## Source material
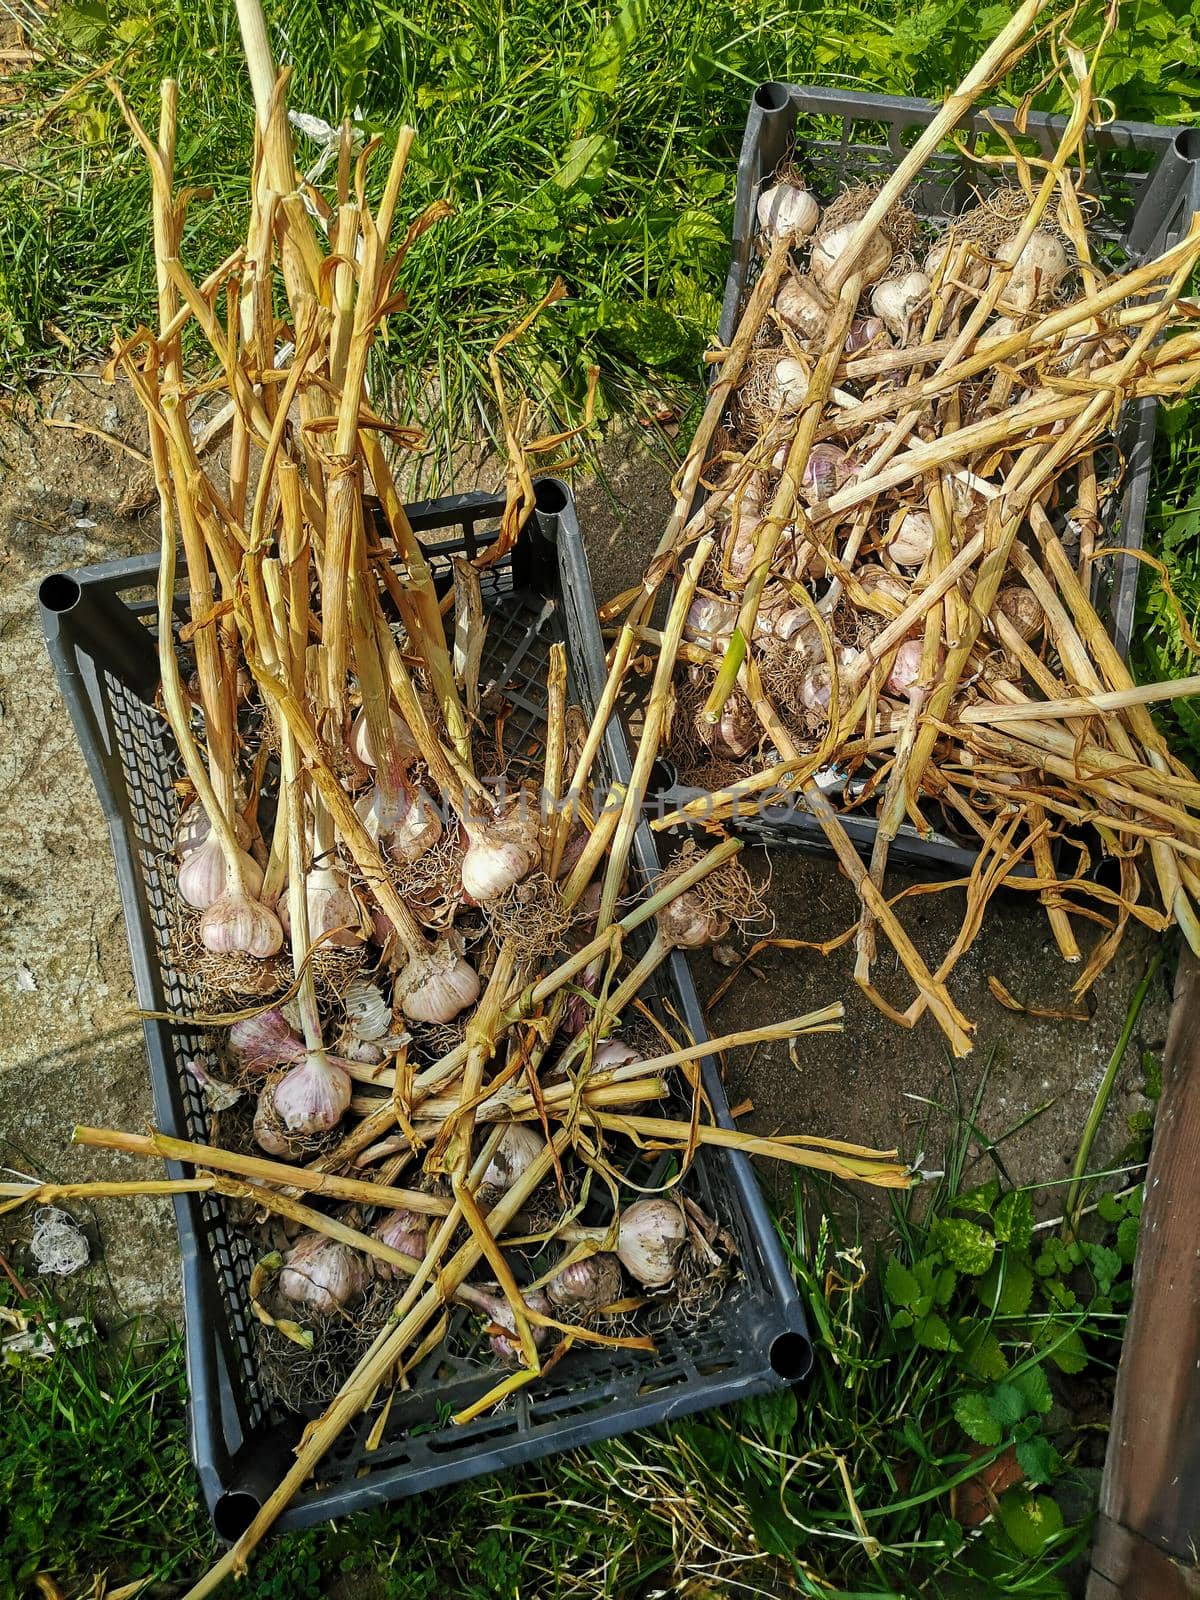 Freshly harvested garlic lies in boxes on the ground in the garden by galinasharapova
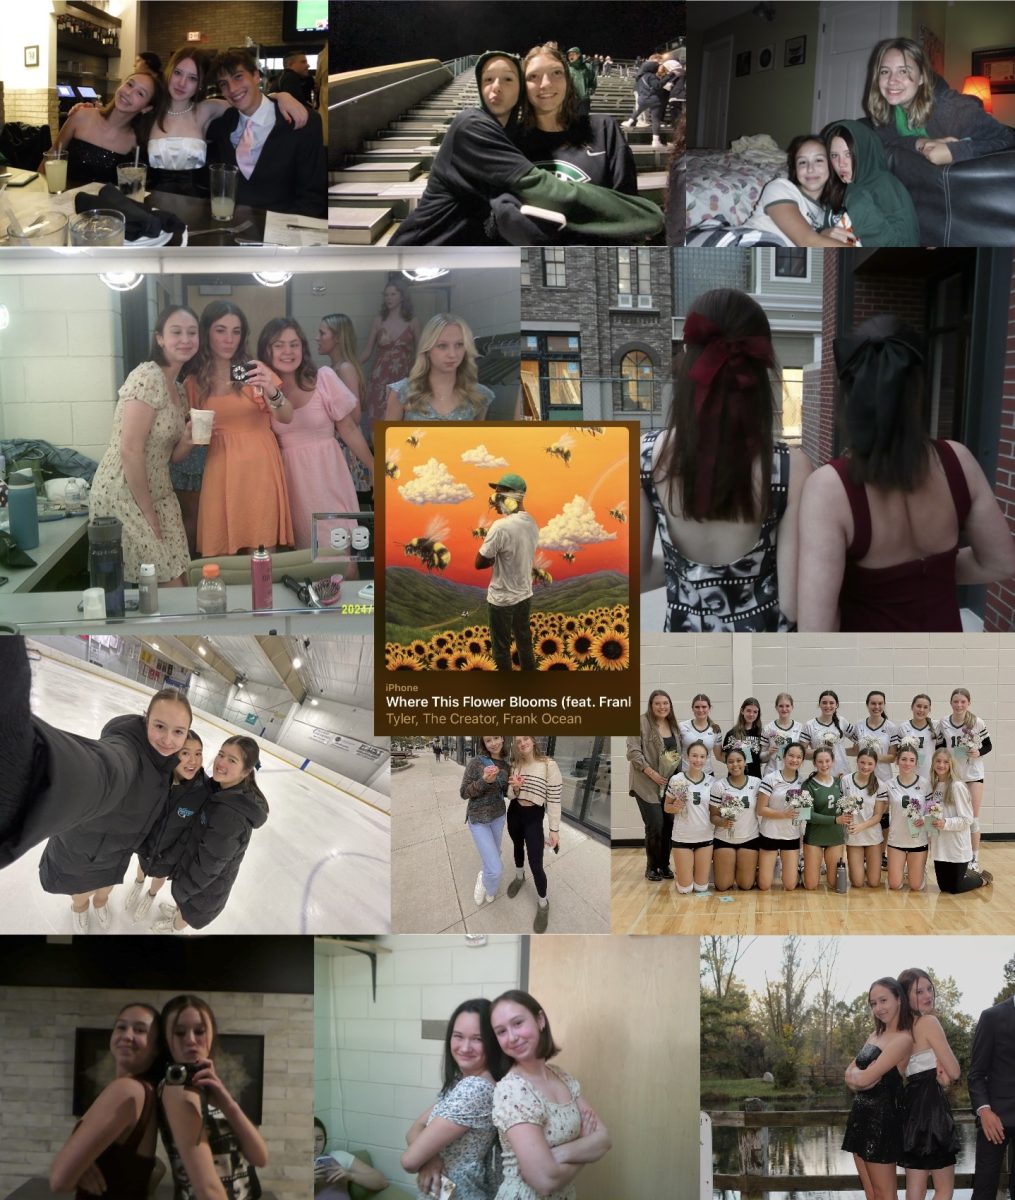 A fraction of my sophomore year highlights, compiled into one collage.
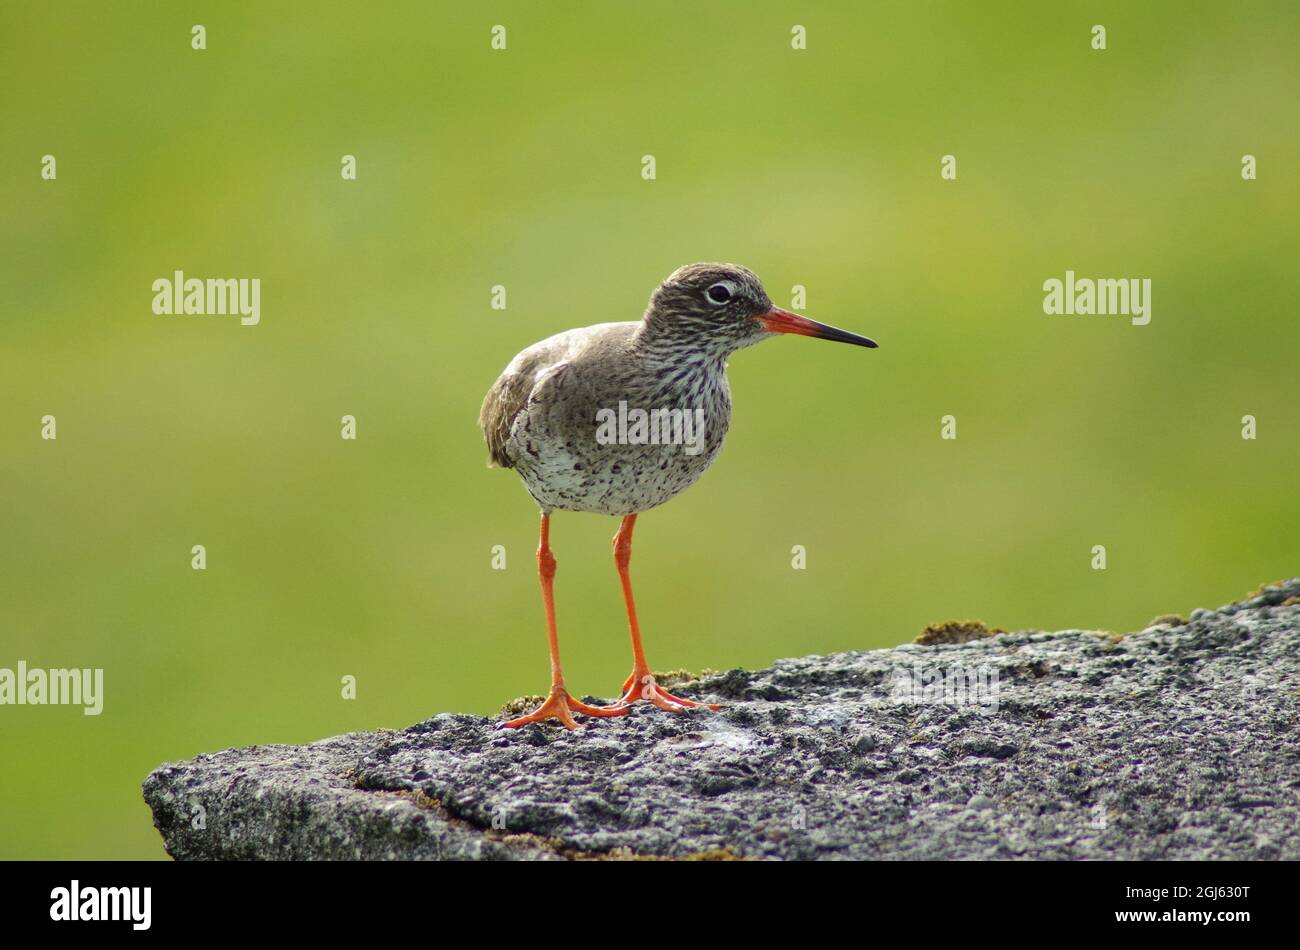 Common redshank hopping around in Iceland on gray rock, isolated on a green background. Stock Photo

## Task item
Copy out the material word for word, without any images.

## Output for this exercise
 Freshly harvested garlic lies in boxes on the ground in the garden by galinasharapova
 A fraction of my sophomore year highlights, compiled into one collage.
 Common redshank hopping around in Iceland on gray rock, isolated on a green background. Stock Photo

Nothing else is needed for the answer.